In summary, the essence of our hyperparameter tuning approach with the Particle Swarm Optimization algorithm that strikes a perfect balance between simplicity and depth can be distilled into the following salient characteristics:

-: Population Size: We selected a swarm of 50 particles, each representing a comprehensive hyperparameter solution. This number is deemed suitable for comprehensive exploration and discovery while ensuring that computational resources are not overburdened, providing an efficient search of the hyperparameter space.
-: Cognitive Coefficient 1 and Social Coefficient: 2.0 was selected for both coefficients as they reflect the dual determinants to guide the action of a single particle. This ratio ensures one-part concentrates on personal executory experience, while another maintains a view on collective experience in a balanced execution manner.
-: Inertia Weight: The inertia weight was gradually reduced from 0.9 to 0.4 to decide the velocity with which each particle could transition to new solutions. Thus, the particle was allowed to have a broad initial approach and progressively removed from a position to ensure they selected the most promising part of the solution.
-: Maximum Number of Iterations: 100 iterations were considered appropriate for the selection process down to manageable limits.
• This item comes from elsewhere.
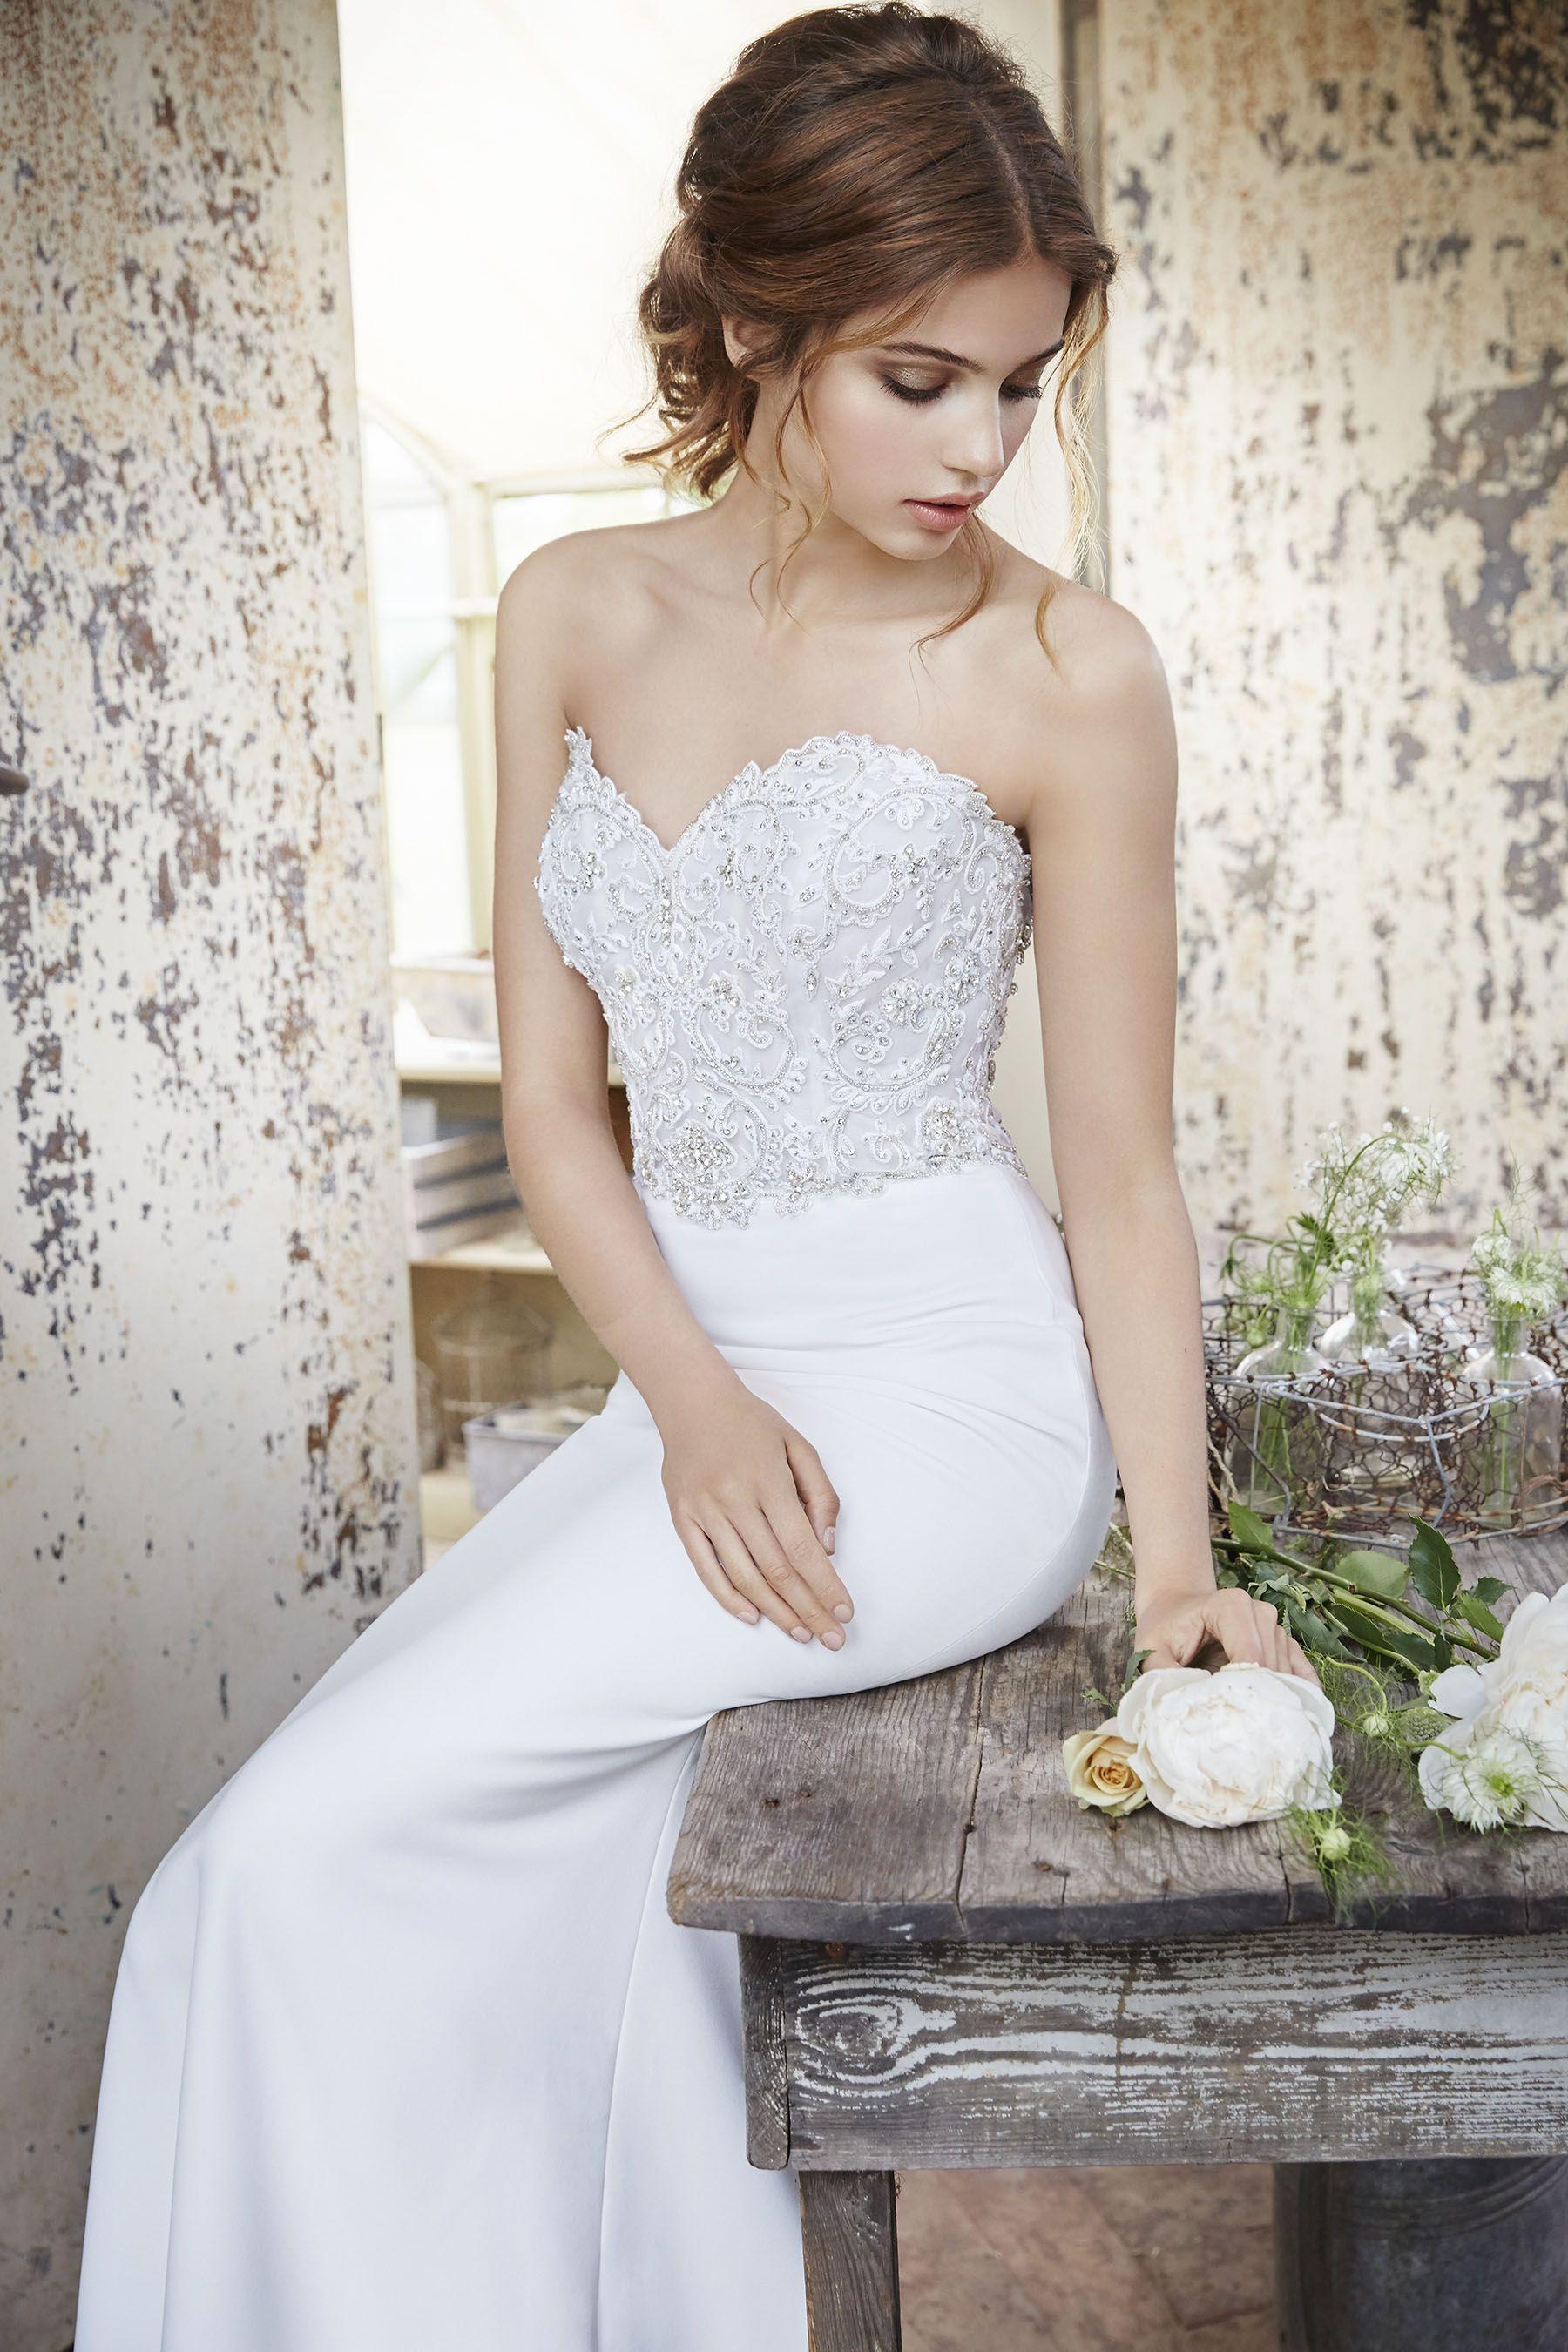 Bridal Gowns Wedding Dresses By Tara Keely Style 2655 Diamond

Hyperparameter Selection for PSO-Driven Optimization

In our ongoing quest to elevate the predictive accuracy of our composite deep learning model for customer churn prediction, we judiciously handpick a suite of hyperparameters as candidates for optimization through the Particle Swarm Optimization (PSO) algorithm. The chosen hyperparameters are critical as they govern the learning dynamics of the model and its ability to capture the intricate patterns of customer behavior. Here are the hyperparameters currently under consideration:

-: Activation Functions: The activation function is used to introduce non-linearity to the neural network, allowing it to learn complex relational patterns. The ReLU (Rectified Linear Unit) and SELU (Scaled Exponential Linear Unit) activation functions are considered for our model due to their ability to mitigate the vanishing gradient problems and facilitate faster convergence.
-: Regularization Techniques: To combat overfitting and ensure the generalizability of the model, L1 (Lasso), L2 (Ridge), and Elastic Net regularization techniques are being investigated. Regularization is a method used to introduce additional penalties on the magnitude of the coefficients, forcing the learning algorithm to shrink them toward zero. L1 regularization promotes sparsity and can be used for feature selection tasks. L2 regularization is similar to the L1, but it encourages smaller coefficients and is used to penalize larger coefficients more heavily. The Elastic Net is a hybrid that blends both L1 and L2 regularization attributes.
-: Neurons per Layer: The number of neurons in a layer is crucial for the model's capacity to learn; too few can cause underfitting, and too many can lead to overfitting. We choose to evaluate configurations with 25, 50, 75, and 100 neurons per layer to strike a balance between model complexity and computational efficiency.
-: Learning Rate: This hyperparameter determines the step size at each iteration while moving toward a minimum of a loss function. We try values of 0.01, 0.001, and 0.005 to ensure that we perform a nuanced exploration of the learning rate space in an effort to find a sweet spot, optimizing for learning speed and stability.
-: Optimizers play a critical role in minimizing the loss function and thereby, directly impacting the performance of the model. In our case, we have included Adam, RMSProp, and AdaGrad in our optimization process, with each having its own unique approach for adjusting the learning rate during training catering to different aspects of convergence and computational efficiency.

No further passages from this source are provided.